• **Recorded information**:
Start of Block

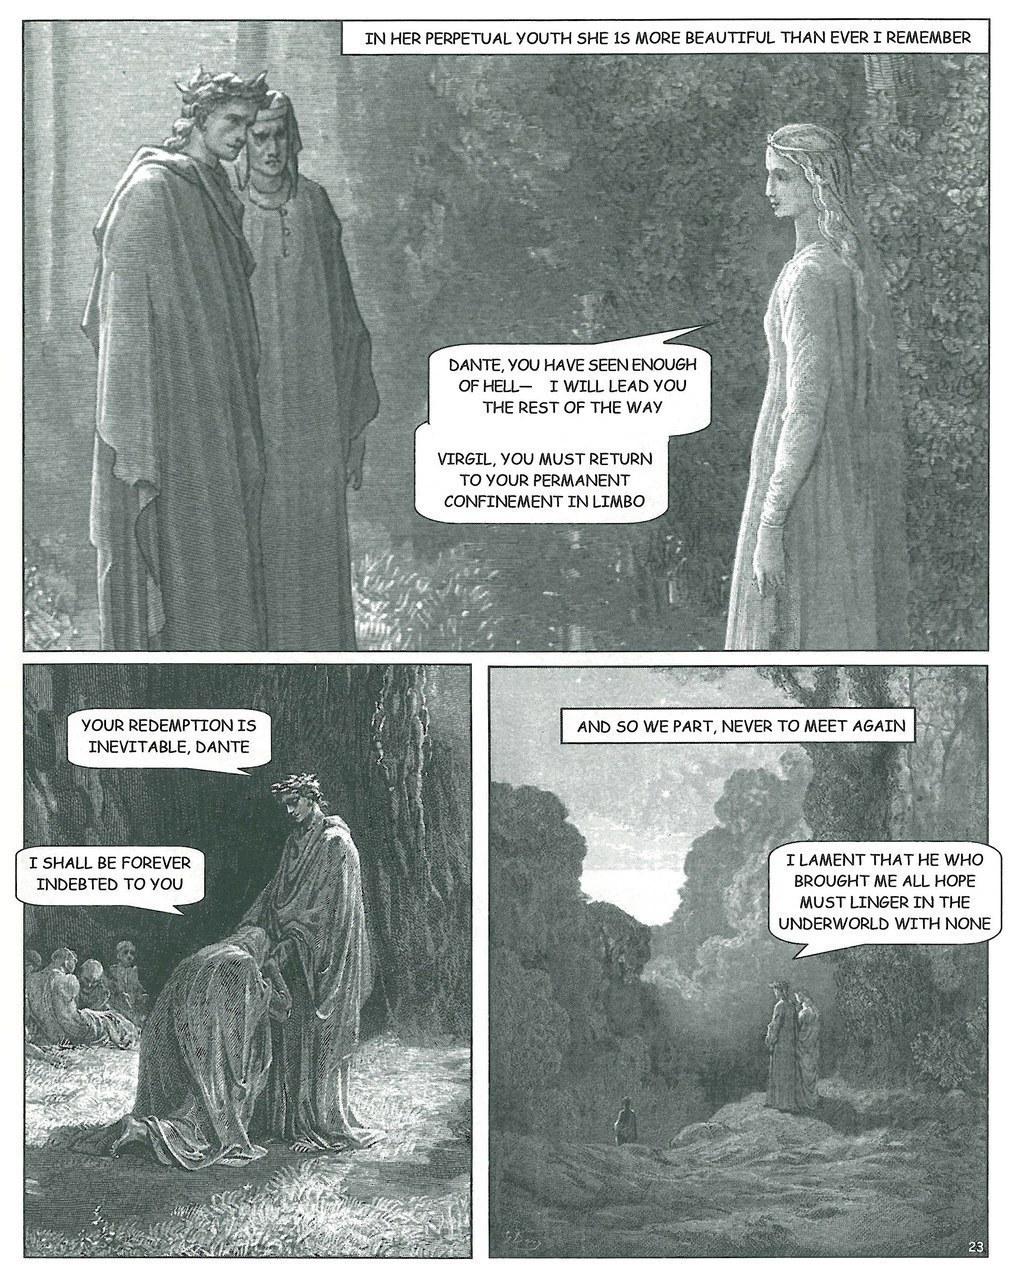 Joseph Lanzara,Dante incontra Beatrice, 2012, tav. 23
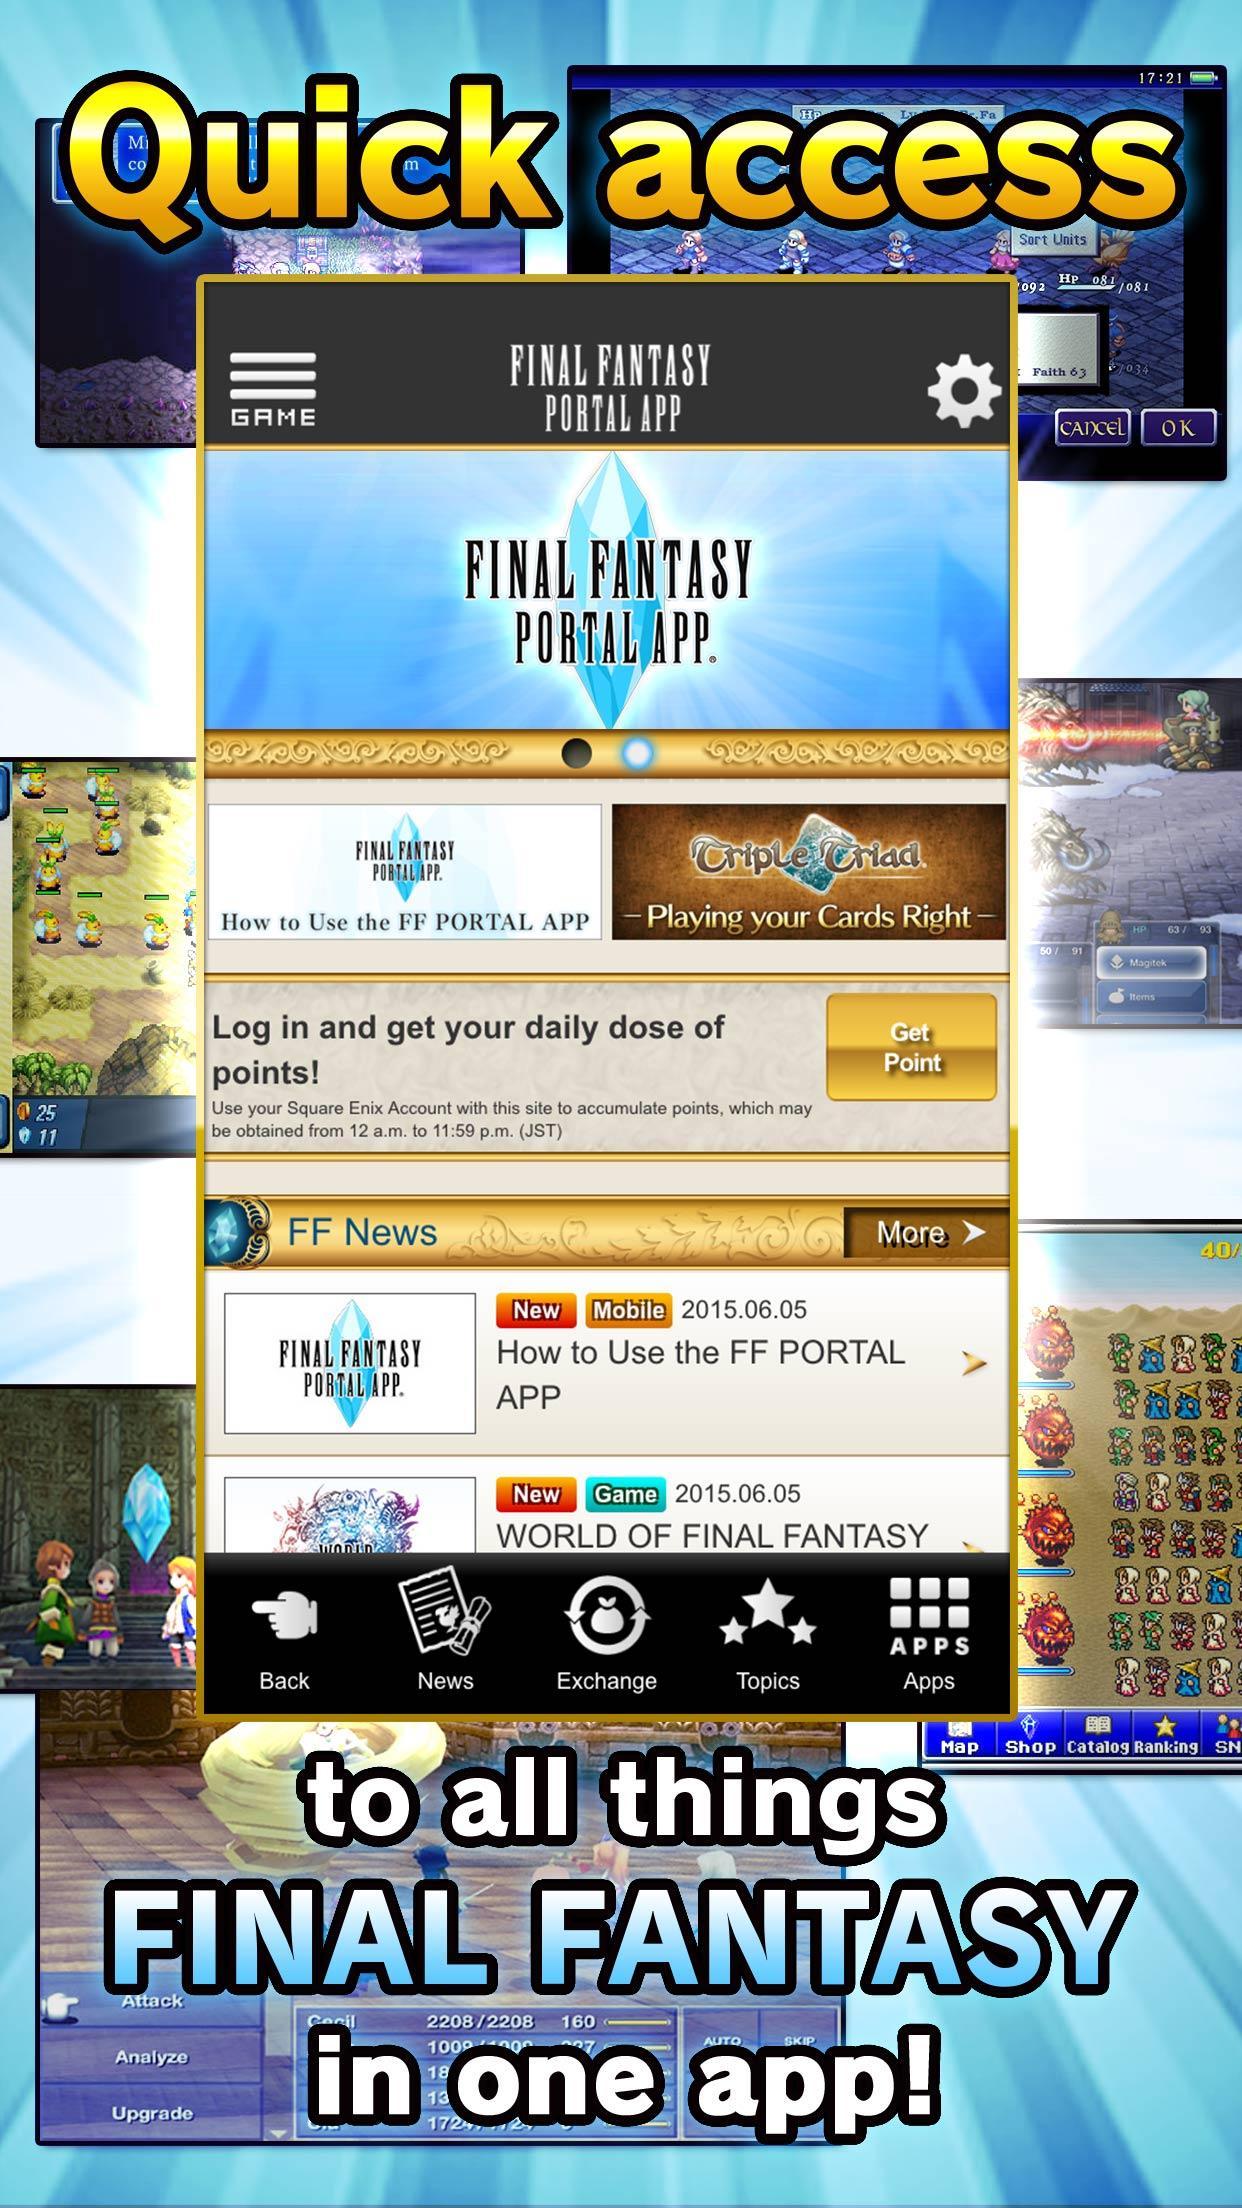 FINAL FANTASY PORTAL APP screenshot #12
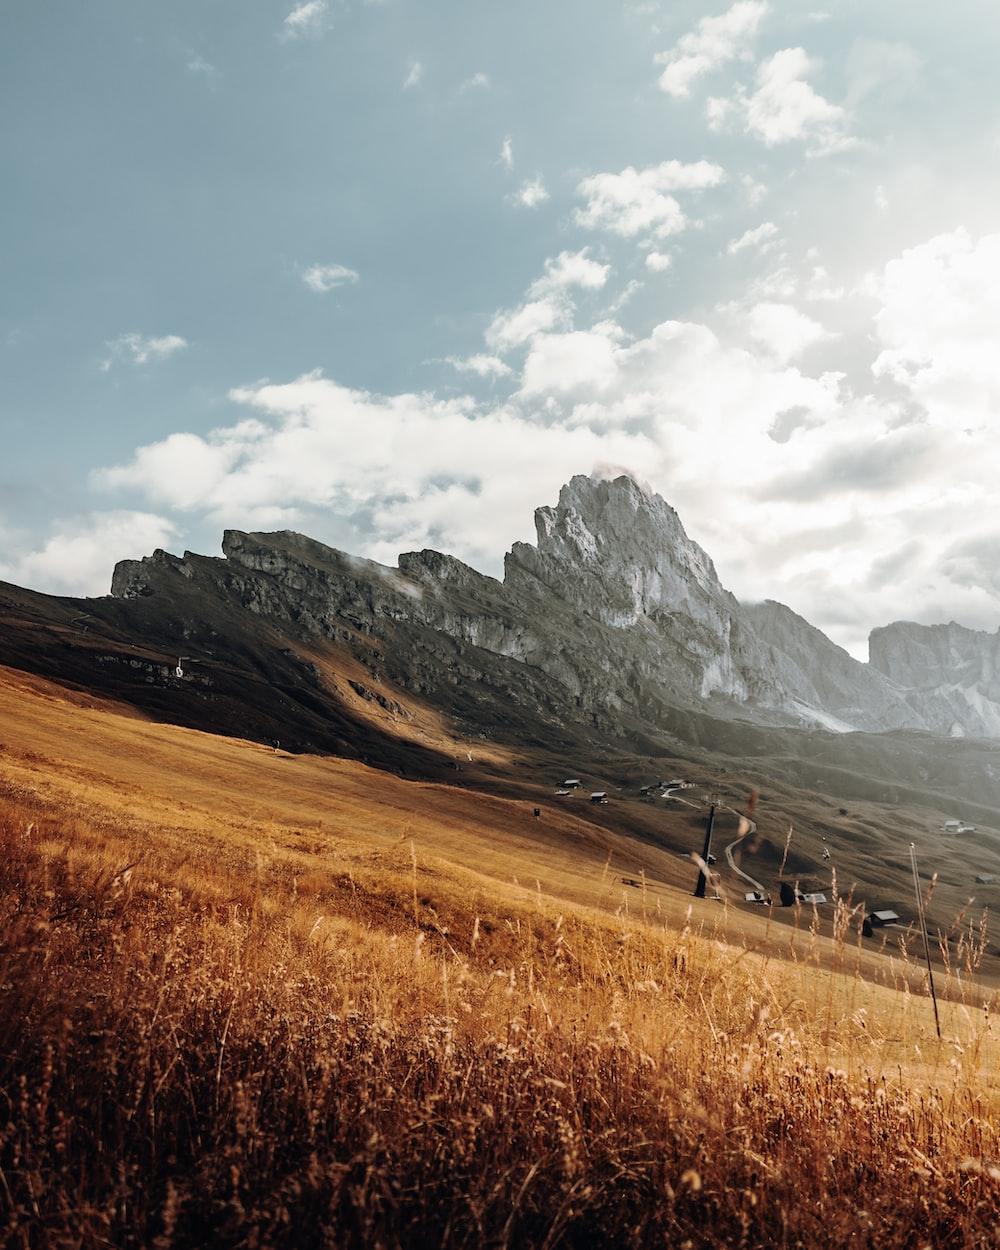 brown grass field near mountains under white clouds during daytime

End of Block

• **What is needed**: Omit the pictures, then retype the remaining material without a single change.

• **Response area**:
 Joseph Lanzara,Dante incontra Beatrice, 2012, tav. 23
 FINAL FANTASY PORTAL APP screenshot #12
 brown grass field near mountains under white clouds during daytime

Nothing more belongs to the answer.